Shunshin is basically using chakra to accelerate movement. 
Reaction-wise I see no difference between Naruto and Minato(the guy I quoted thinks Minato has much better reaction speed), but Naruto actually had to react and act with body movement and get his body out of the way physicaly. Minato thought about activating the jutsu and he was already somewhere else. 

I think you and I agree on this.



hbcaptain said:


> No you said that his Shunshin is slower than KCM Naruto while you have no proof .
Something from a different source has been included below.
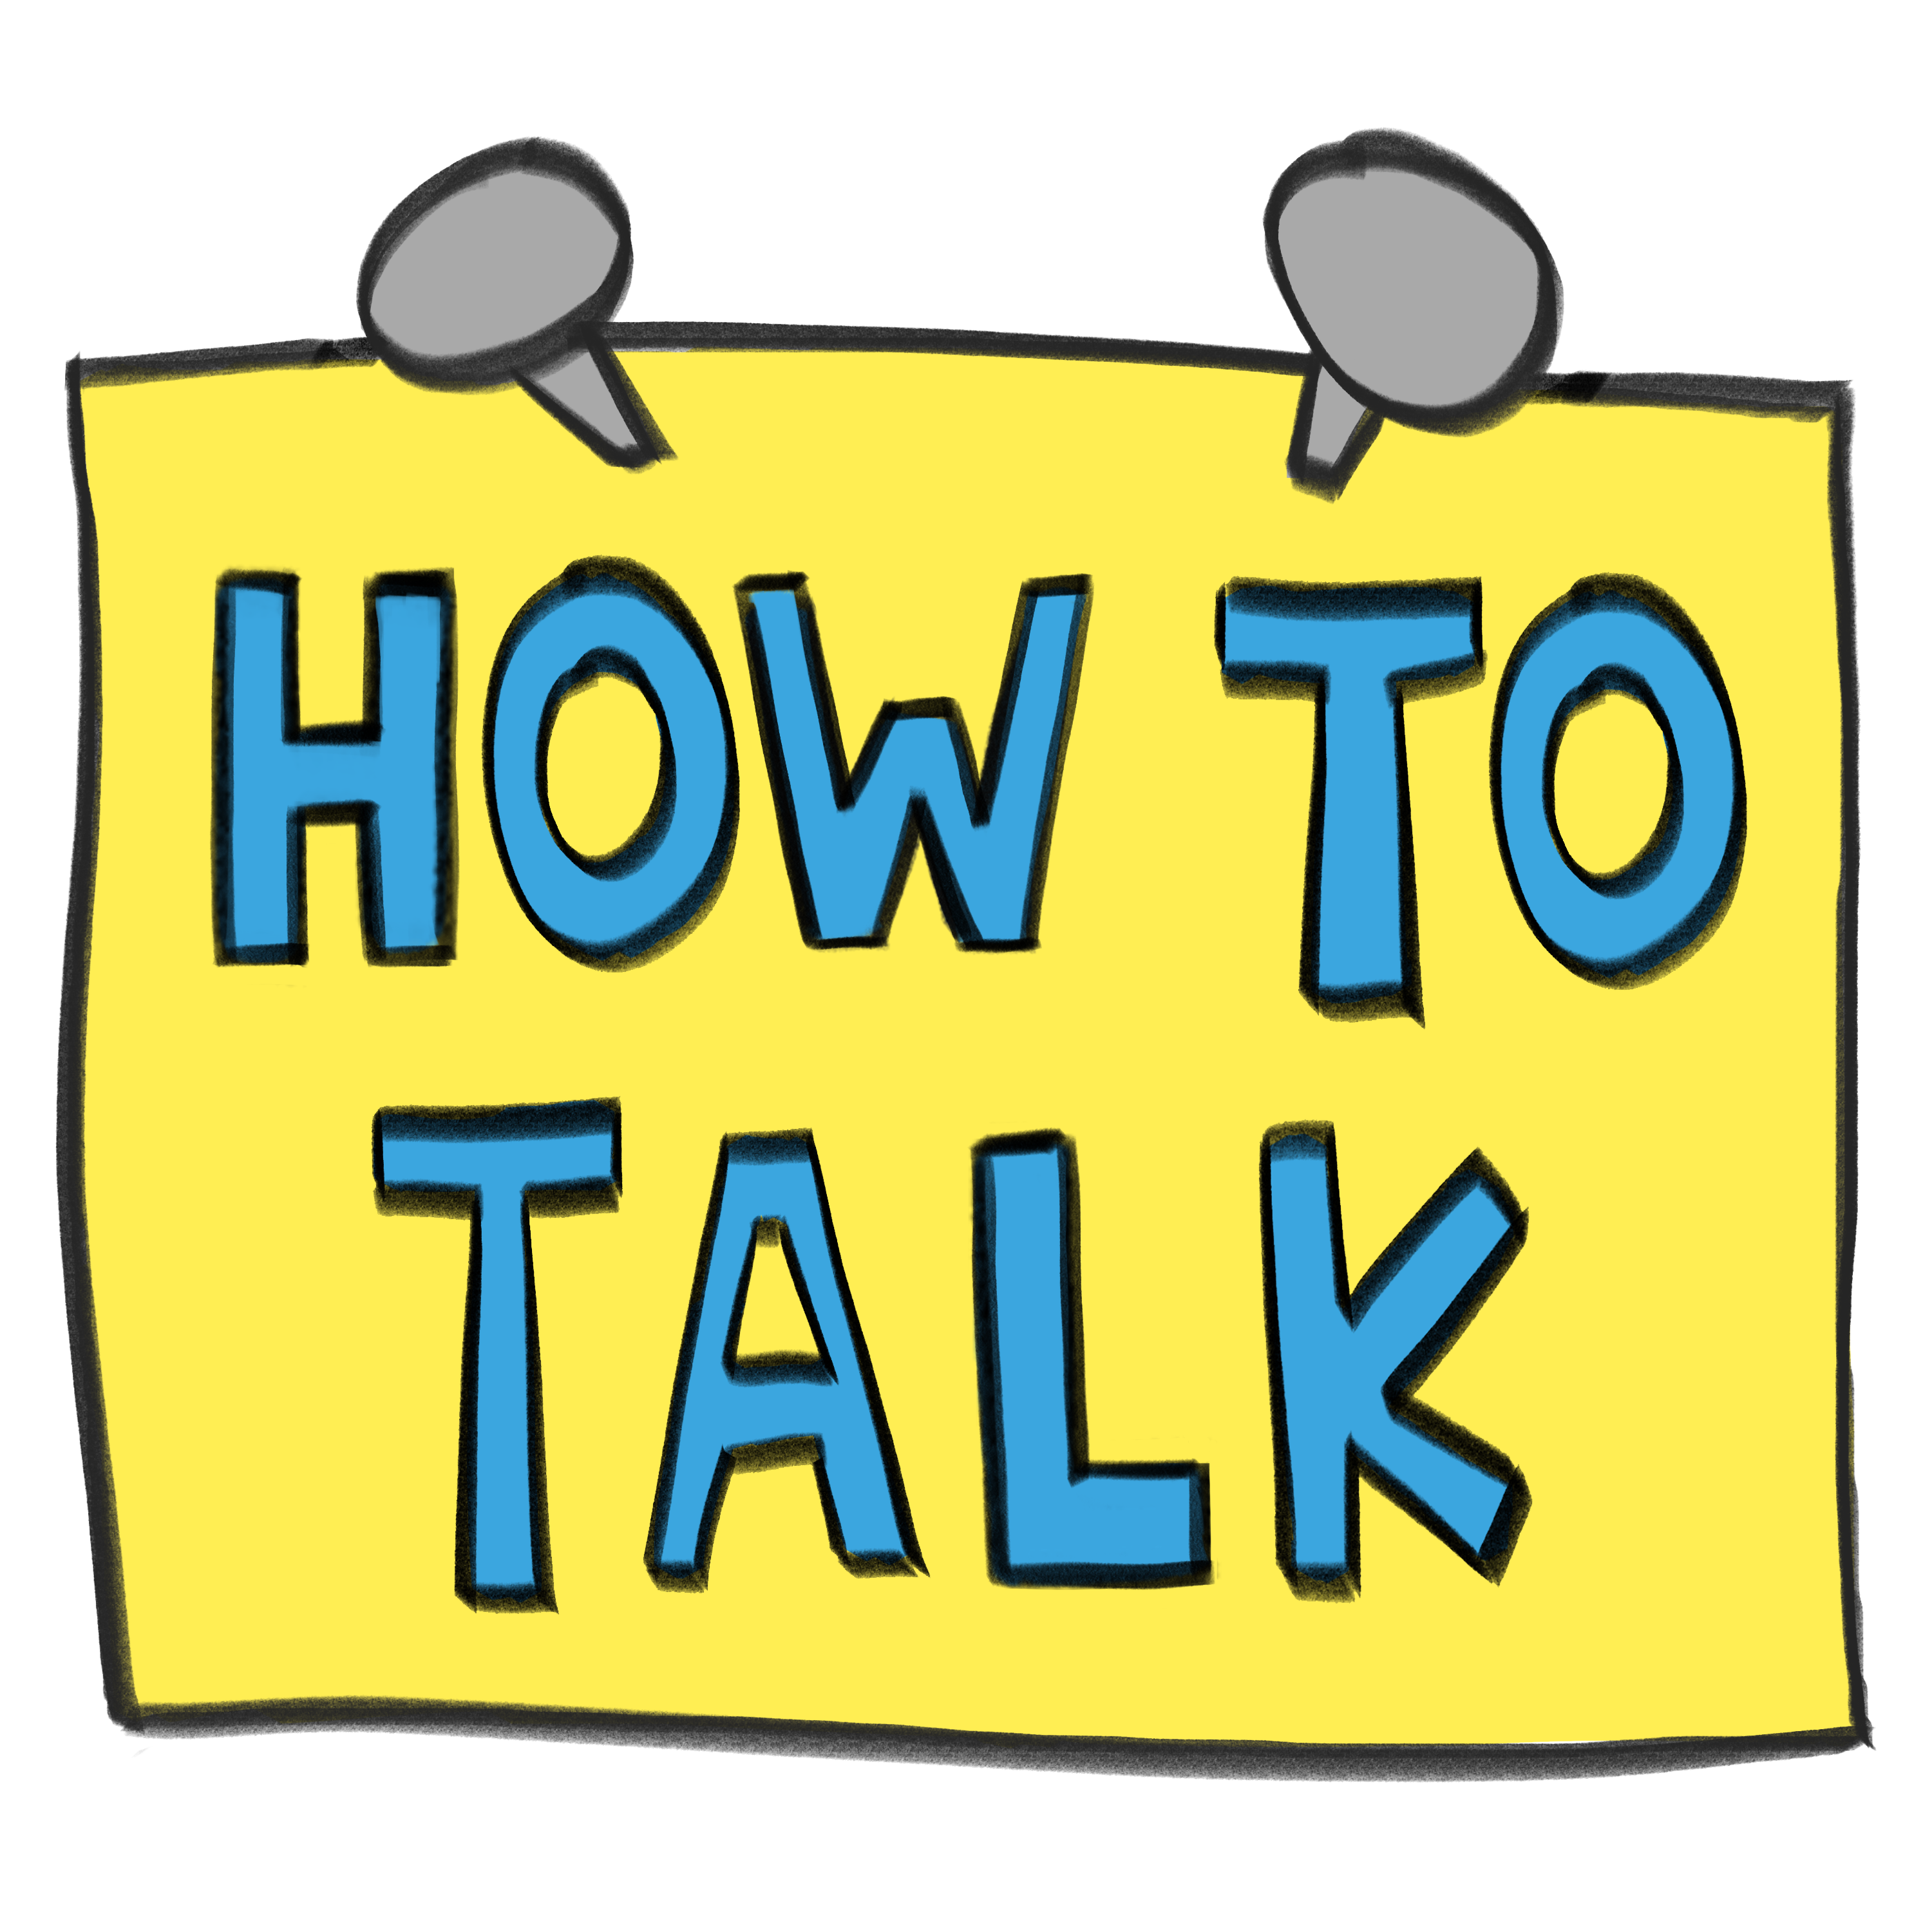 HOW TO TALK app

You can't ask him to prove a negative. 
Absence of evidence isn't evidence.
Welcome to debating 101.


----------



## hbcaptain (Nov 17, 2015)

Euh no , Obito said "fast , you deserve to your title of yellow flash" , that's an enough proof that his Shunshin is incredibly fast and a part of his reputation all over the ninja world . The godlike speed reputation is also due to that . Plus in feat , he is much faster than SM Naruto , he is faster than Tobirama himself faster than Madara himself can blitz SM Naruto , etc .

Relying on hype and feats we ca neasily say that Minato's Shunshin is faster than KCM Naruto .


----------



## KeyofMiracles (Nov 17, 2015)

ARGUS said:


> No no, i meant this.
> 
> 
> 
> ...



Like I said, the distance is shorter for Minato, so how in the world are you even comparing these two? The only way you can compare them and come out with the answer that Naruto's reactions are superior is if they were equal in distance, but Minato was closer to Ay than Naruto was yet he still reacted with Ay's fist only a few cm closer to his face than Naruto's was. 
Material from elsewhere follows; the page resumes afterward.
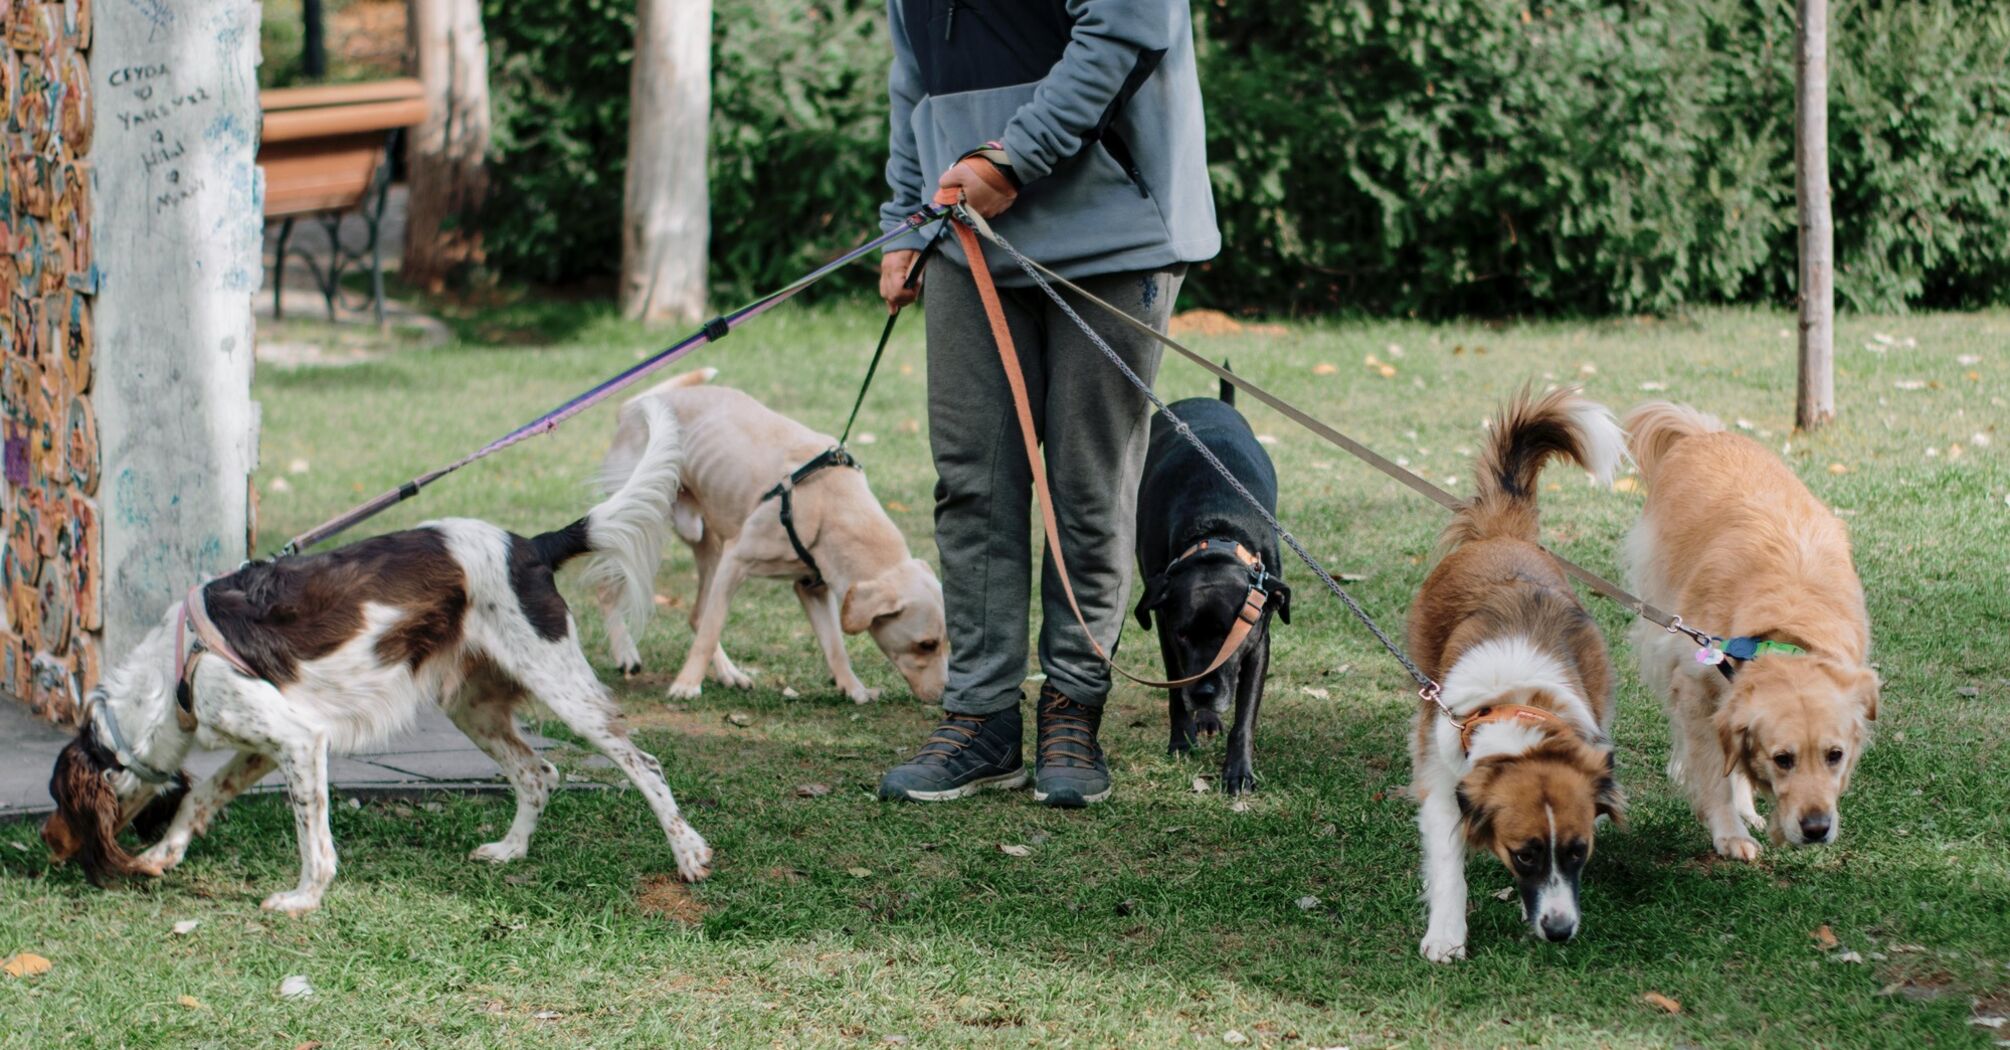 Why dogs love parks and how it affects owners?

So Minato's feat is equal or superior. Naruto being able to evade is irrelevant to a reflex comparison. That's a physical speed comparison. Minato physically and mentally reacted to Ay from a closer distance than Naruto did. So Minato>KCM Naruto.




> ok
> 
> 
> 
> ...



No.

1. As the feat above shows, Minato>=KCM Naruto. Equal is the lowest it ever goes. Though Minato's feat, in reality, is superior thus it's Minato>KCM Naruto in reaction speed.

2. Itachi being equivalent to KCM Naruto in reaction is based on him keeping up with EMS Sasuke at the Kabuto fight, who is on par with KCM Naruto. Movement speed and reaction have nothing to do with anything here, and KCM Naruto's reaction speed doesn't surpass Ay's. So Itachi equaling Naruto doesn't make him faster than Ay in any sense.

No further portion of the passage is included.